Hay una pintura en la que se ve a dos niños sentados en una mesa. Tienen un violín tamaño de bolsillo enfrente y la cara de uno de ellos es sencillamente horrible: parece Nosferatu. El Nosferatu de 1922, el original. El más grotesco de todos. Y así de grotescos son casi todos los rostros de las pinturas de Emilia Gutiérrez. Al mismo tiempo, tienen una apariencia espectral, como si fueran caras de personas que están en el más allá. Hay rostros pintados a dos colores, una parte blanca y otra de cualquier otro color. Las obras de esta artista podrían funcionar como registros de apariciones. O fantasmas. O zombies. Además, parecen personas sacadas de otra época, de otro siglo. Emilia Gutiérrez nació en 1928, pero las personas que habitan sus pinturas podrían haber vivido en algún momento del 1800. Hay un extrañamiento general en sus imágenes. Nada es del todo claro, pero tampoco son pinturas que ofrecen escenas confusas o surrealistas: son una realidad trastocada, levemente perturbada. Son esa hoja de perejil u orégano que se quedó en el diente de la persona que nos gusta. Son un detalle que convierte algo ordinario en algo tenso, incómodo.

Emilia es el nombre de la muestra antológica de esta artista que hay ahora en la Colección Fortabat. La exhibición fue curada por Rafael Cippolini y propone un recorrido por decenas de pinturas de Gutiérrez, una artista que ha sido olvidada por el canon y que gracias a este rescate vuelve a circular en la escena.
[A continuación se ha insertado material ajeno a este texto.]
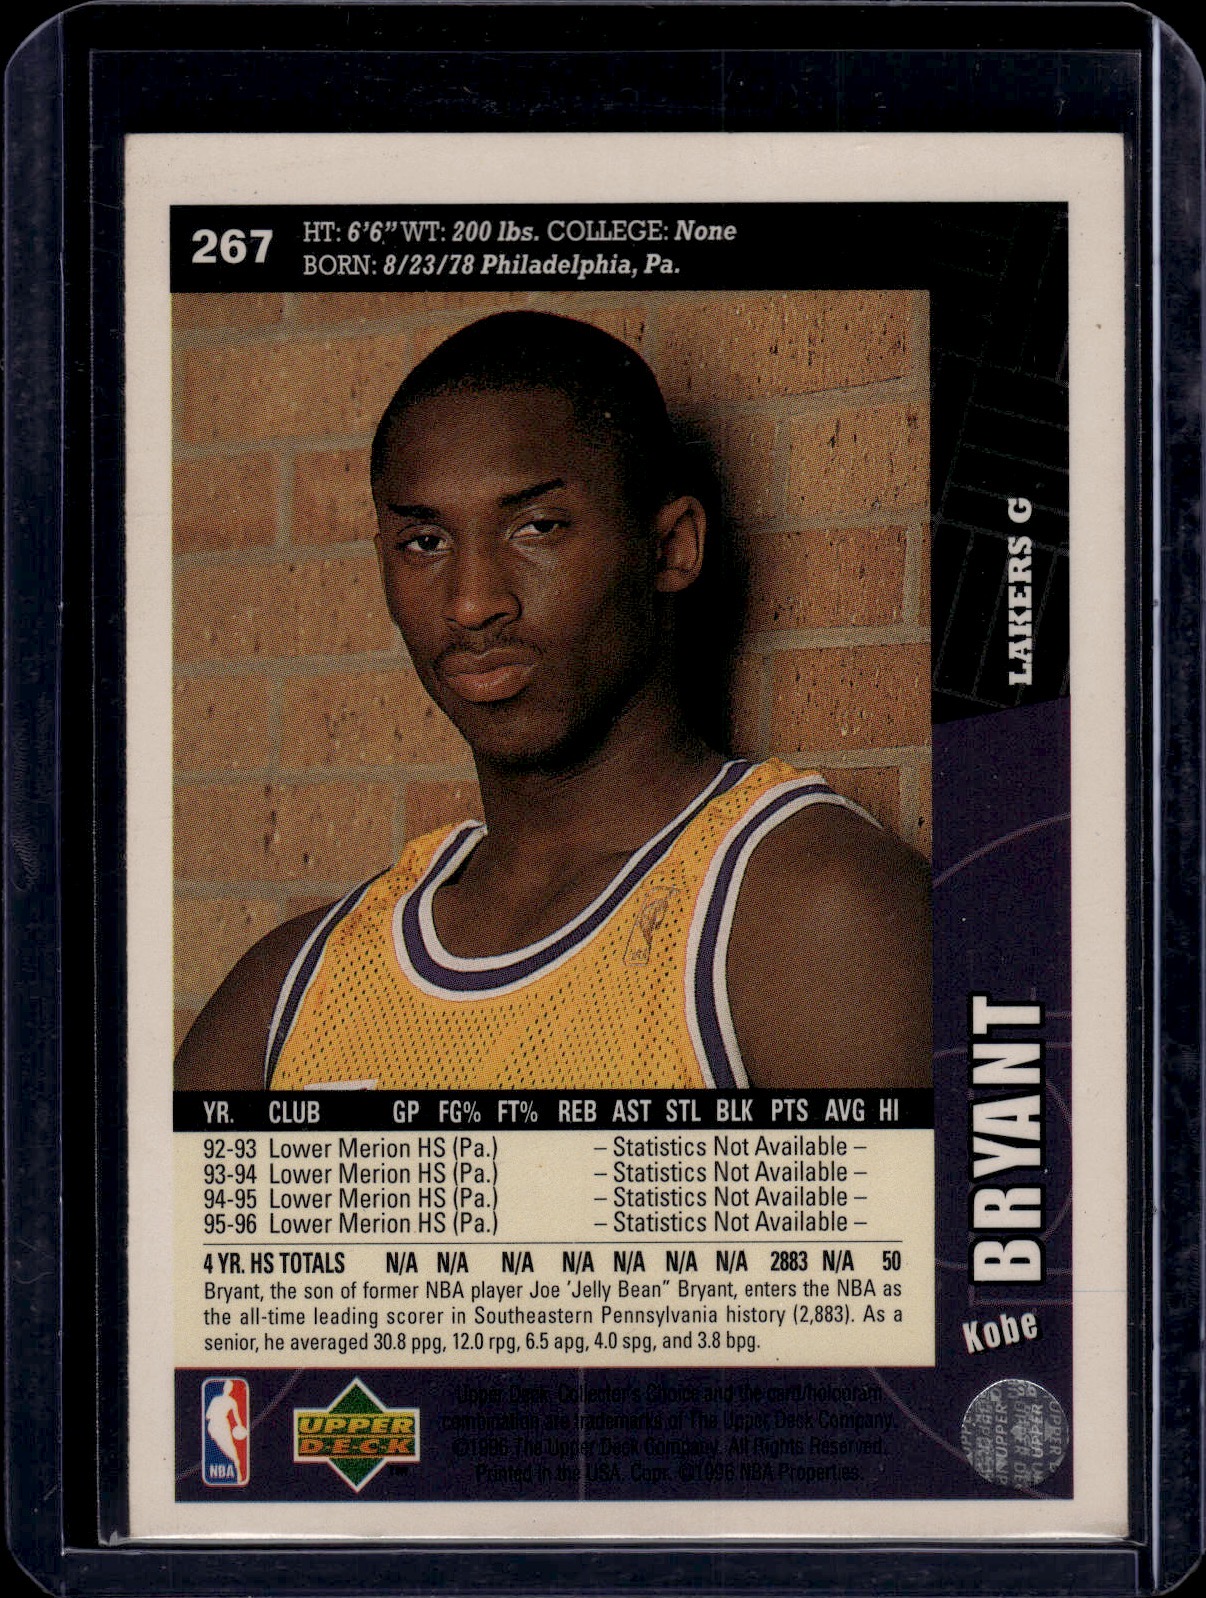 Sold at Auction: KOBE BRYANT 1996 Upper Deck Rookie Basketball Card
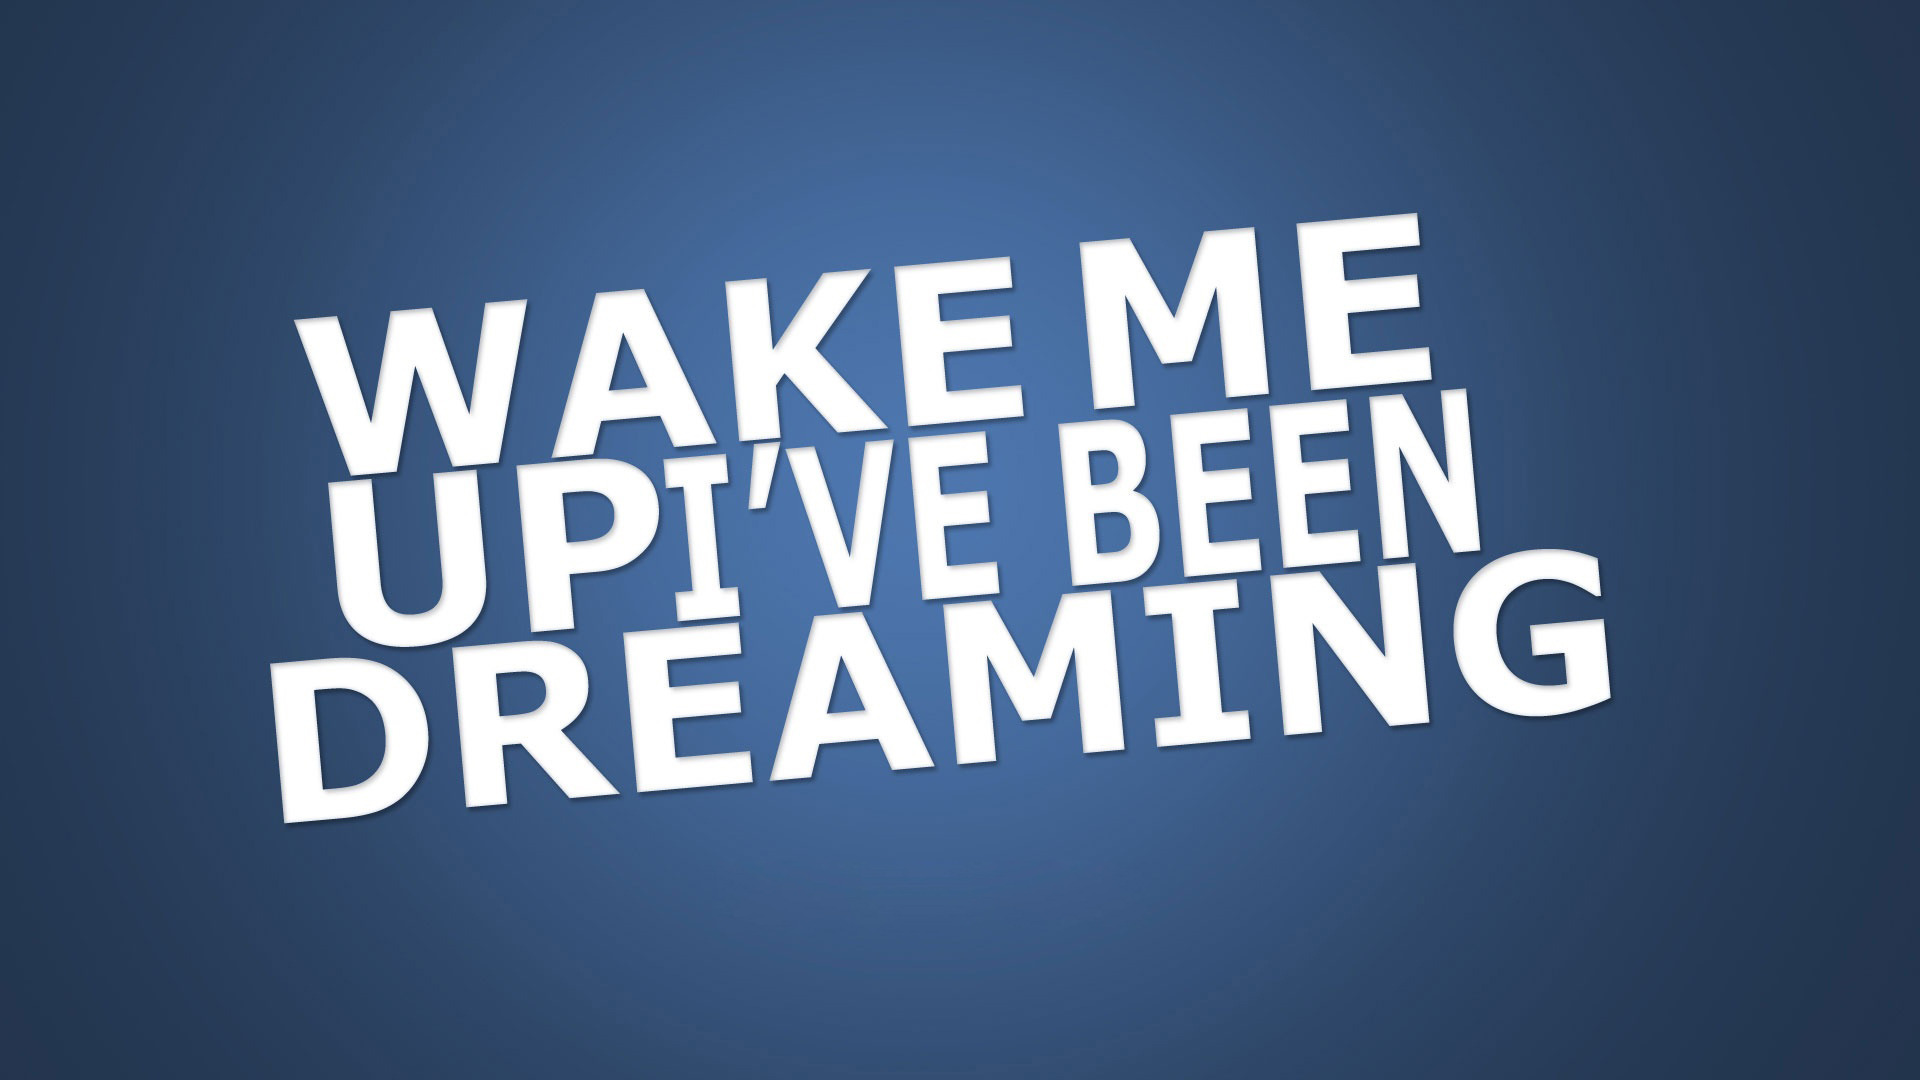 Wake Up Wallpapers  Top Free Wake Up Backgrounds  WallpaperAccess

Esta es la primera vez que se realiza una muestra antológica de Gutiérrez y también es la primera vez que se pueden ver la mayoría de las pinturas que hizo en la única década que estuvo en actividad: sólo pintó durante 10 años y después dejó los óleos para hacer dibujos en blanco y negro.

Extraño ser, 1974

La decisión de abandonar la pintura no surgió de un capricho o un deseo de Gutiérrez, sino de un psiquiatra. En 1975 el médico que la atendía le dijo que dejara atrás los lienzos y los pinceles, que se olvidara de la pintura y cualquier otra producción artística que implicara el uso del color: en la mente de Emilia el color le hablaba, le producía alucinaciones, especialmente el rojo carmesí. Si lo que tenía Gutiérrez era una demencia o una sinestesia mal diagnosticada no hay forma de saberlo, pero lo que sí se sabe es que nunca más volvió a aparecer el color en nada de lo que se hizo. Y lo que también se sabe es que se encerró en el departamento en el que vivía, en el barrio de Belgrano, durante casi 30 años, hasta que murió en 2003.

Durante la década del 60, antes del encierro y las alucinaciones, Gutierrez mostró en algunas oportunidades. Cuando tenía 37 años, en 1965 –tal como señala Cippolini en un texto que acompaña la muestra– Emilia se puso “en modo exposición”. Durante 10 años su pintura fue mostrada en diferentes espacios de la ciudad de Buenos Aires, pero no consiguió ocupar un lugar central en el mundo del arte.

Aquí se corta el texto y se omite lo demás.